My name is Nandeeta R. I am from India, but was adopted and raised in Oregon, USA. I wear many hats from artist to outdoor adventurer to activist for multiple causes. I enjoy being creative, traveling, and trying new foods.
Some people receive a heads up that alcoholism may run in their family, but being an adoptee I was not as fortunate and found out the hard way. Alcohol affected me for six years, but that was because I found my rock bottom at the age of 25. I got sober at a young age and I've lived an alcohol free life since 2013.
Alcohol was my escape from reality. Many people are affected by trauma and reach for whatever vice to cope with those deep emotional wounds. I did that and spiraled down a path of destruction, but thankfully figured it out before it was too late. I was finally sick and tired of being sick and tired. I crawled out of this dark pit and slowly over time the light became brighter. It is possible to face these wicked traumatic wounds, but it takes work and consistency. At the end of the day it has been worth it for me.
Judge Andre & I
My relationship with alcohol began at 19 when my dad passed away. I was close to him and didn’t know how else to cope. In the beginning of my drinking I went from being a shy wallflower to a social butterfly. This liquid courage eventually turned into crossing that line into alcoholism. I became horrible to be around. I had a wake up call on my dad’s five year anniversary; I drank myself into a blackout and woke up in the hospital with a BAC of .234. I quit drinking off and on for a year and half until I finally hit rock bottom. I totaled my car from drinking and driving. I went to court and paid the consequences; restricted license, probation, breathalyzer installed in vehicle, and jail time. Jail was my rock bottom. I couldn’t believe that alcohol was the reason I arrived at my lowest. Getting sober was one of the most difficult things I’ve ever done. I don’t want to get sober again! I connected to a community of people that were part of a 12 step program for a sober lifestyle. It was difficult because I was 25 and that’s prime time drinking age, but I knew that I couldn’t take much more of this exhaustion.

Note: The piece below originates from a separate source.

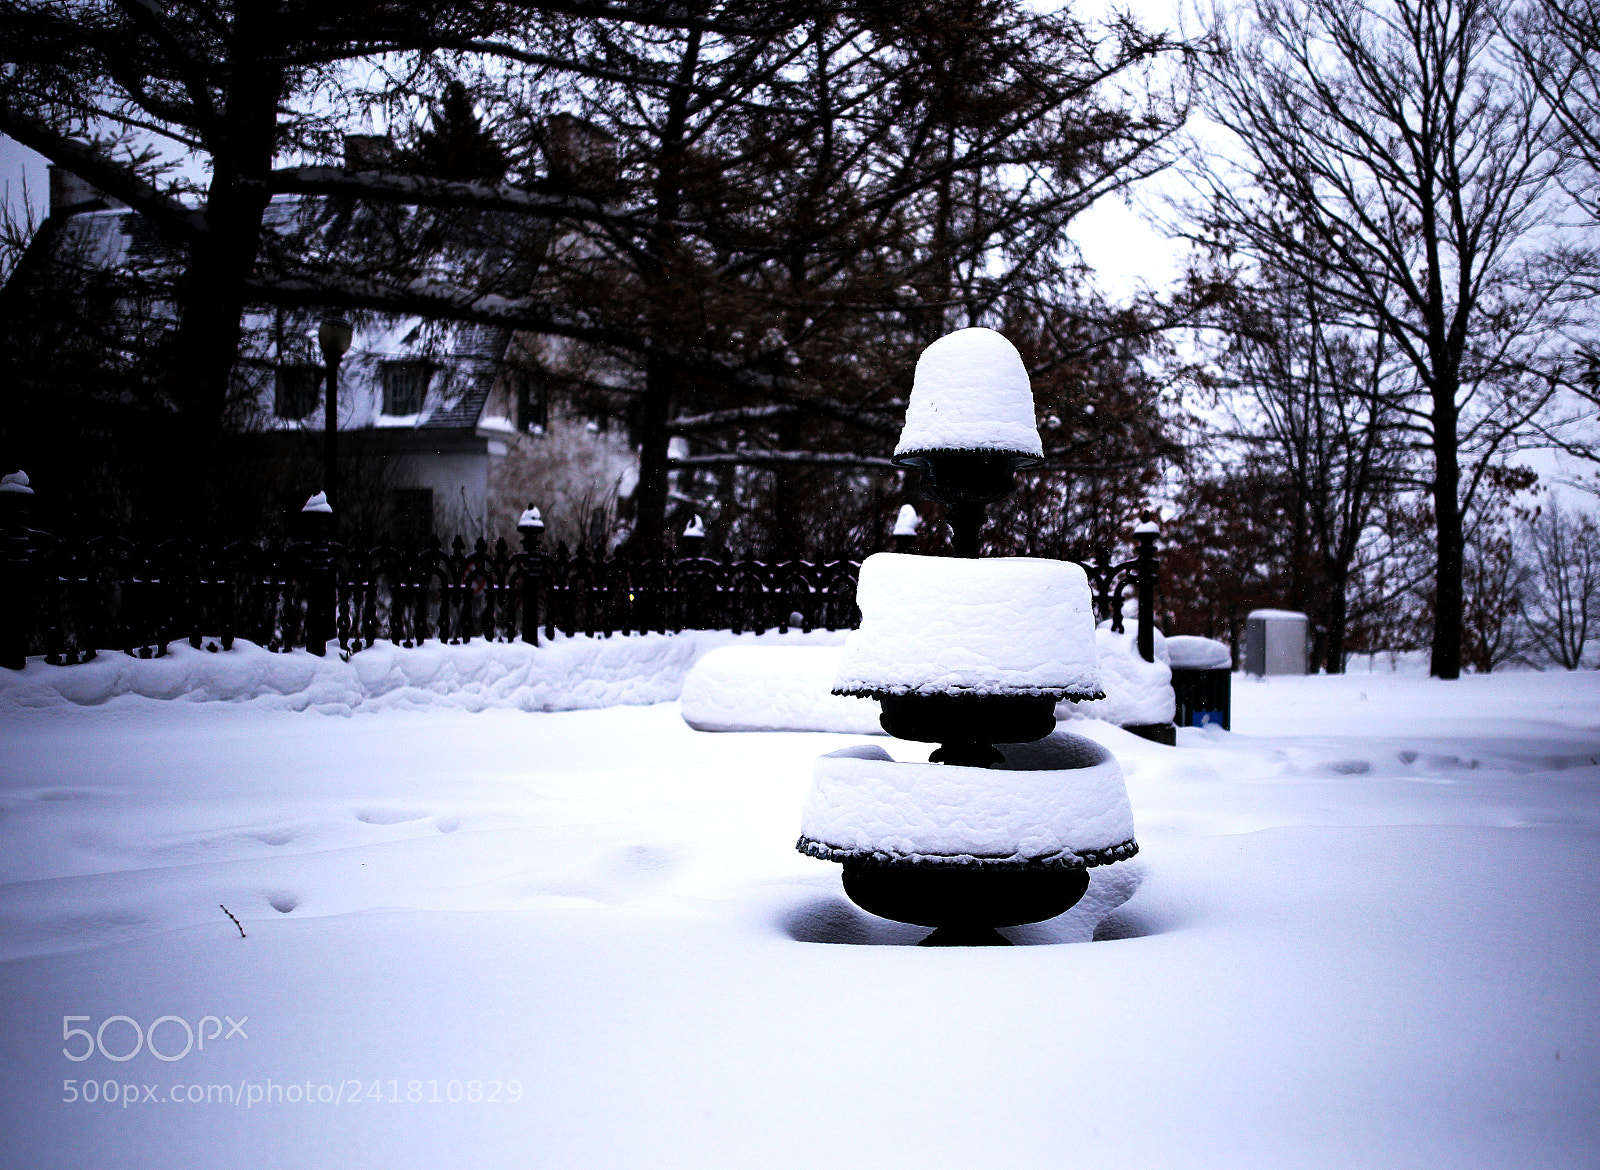 Canon EOS 6D sample photo. Fontaine de neige photography

In my first three years of recovery from alcoholism I relied on that group. I needed discipline, structure, guidance, and friendship. I received that and more, but reached a point when I wanted to explore my recovery without the dependence of a sobriety group. I sought outside mental health services to help me in the areas of my life that required more professional assistance. I have been living that way ever since. My recovery may not look like yours but that’s okay. I learned years ago that you must allow people the dignity of their own journey.

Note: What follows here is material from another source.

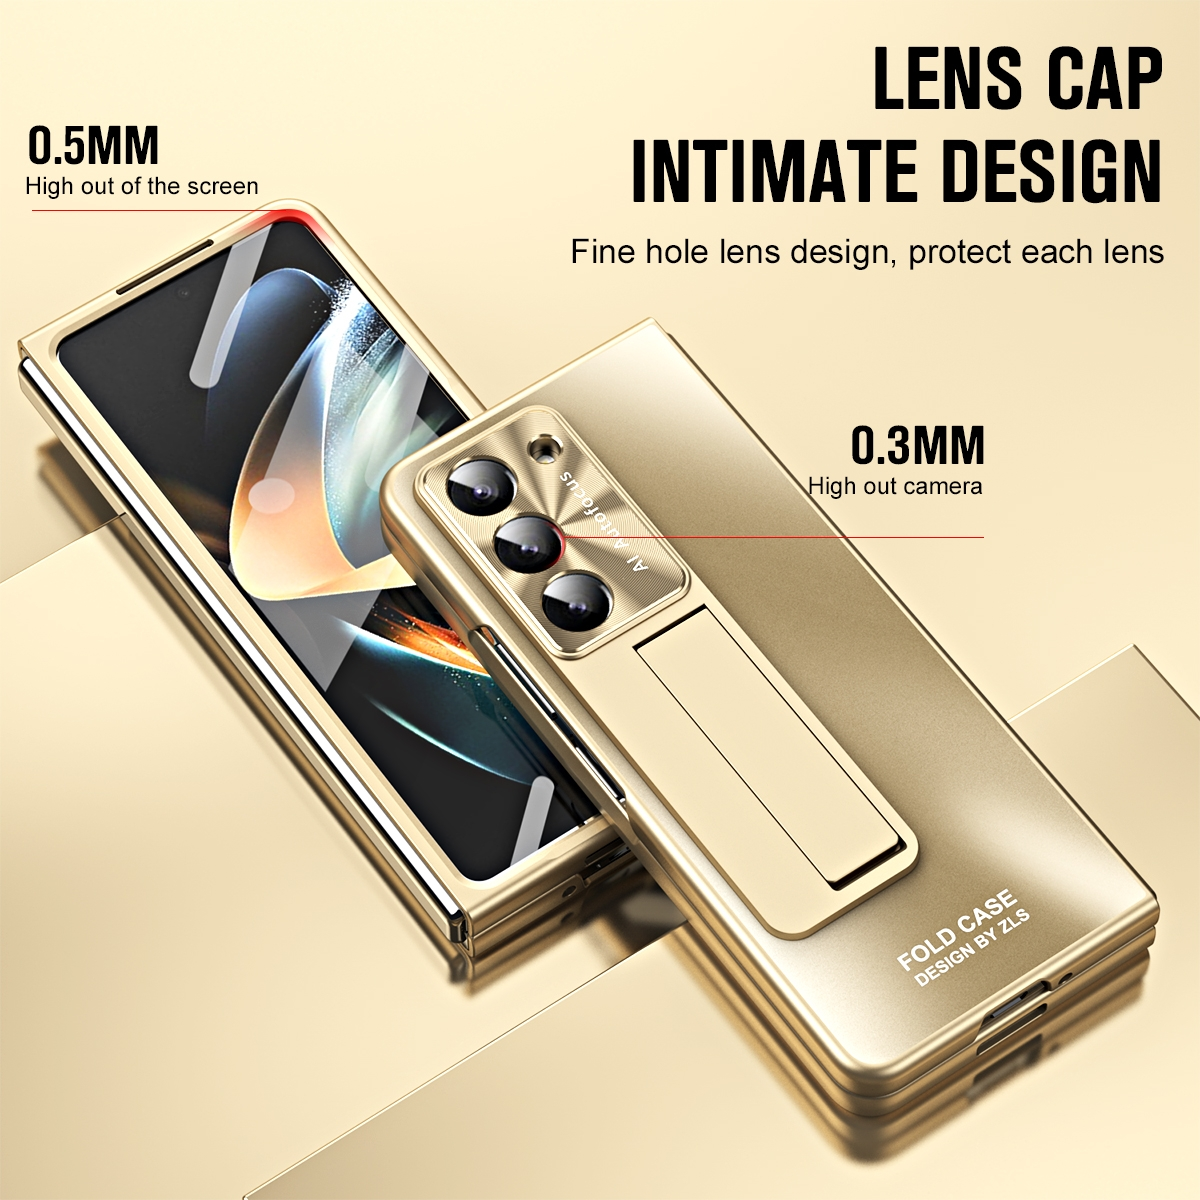 WIGENTO Design Premium Hülle mit Backcover, Fold5 Z Standhalterung, Samsung, Galaxy 5G, Gold

My healing journey has had highs and lows that have taken me to places I never would have dreamt of. This is all due to my effort, time, and work I’ve put into myself in the past few years. I’m not the same person I was six months and ago and I won’t be the person I am now in six months, but that makes me happy. I evolve and grow deeper into this person I am. After breaking away my hard outer shell, I can access this place that holds love and light. I’ve lived in hate, pain, and darkness most of my life. It has been wonderful to see how far I’ve come and how open I am about my different trials and tribulations I’ve endured. I have a mental health team, a close circle of friends, my self care regimen, and an open mind and heart.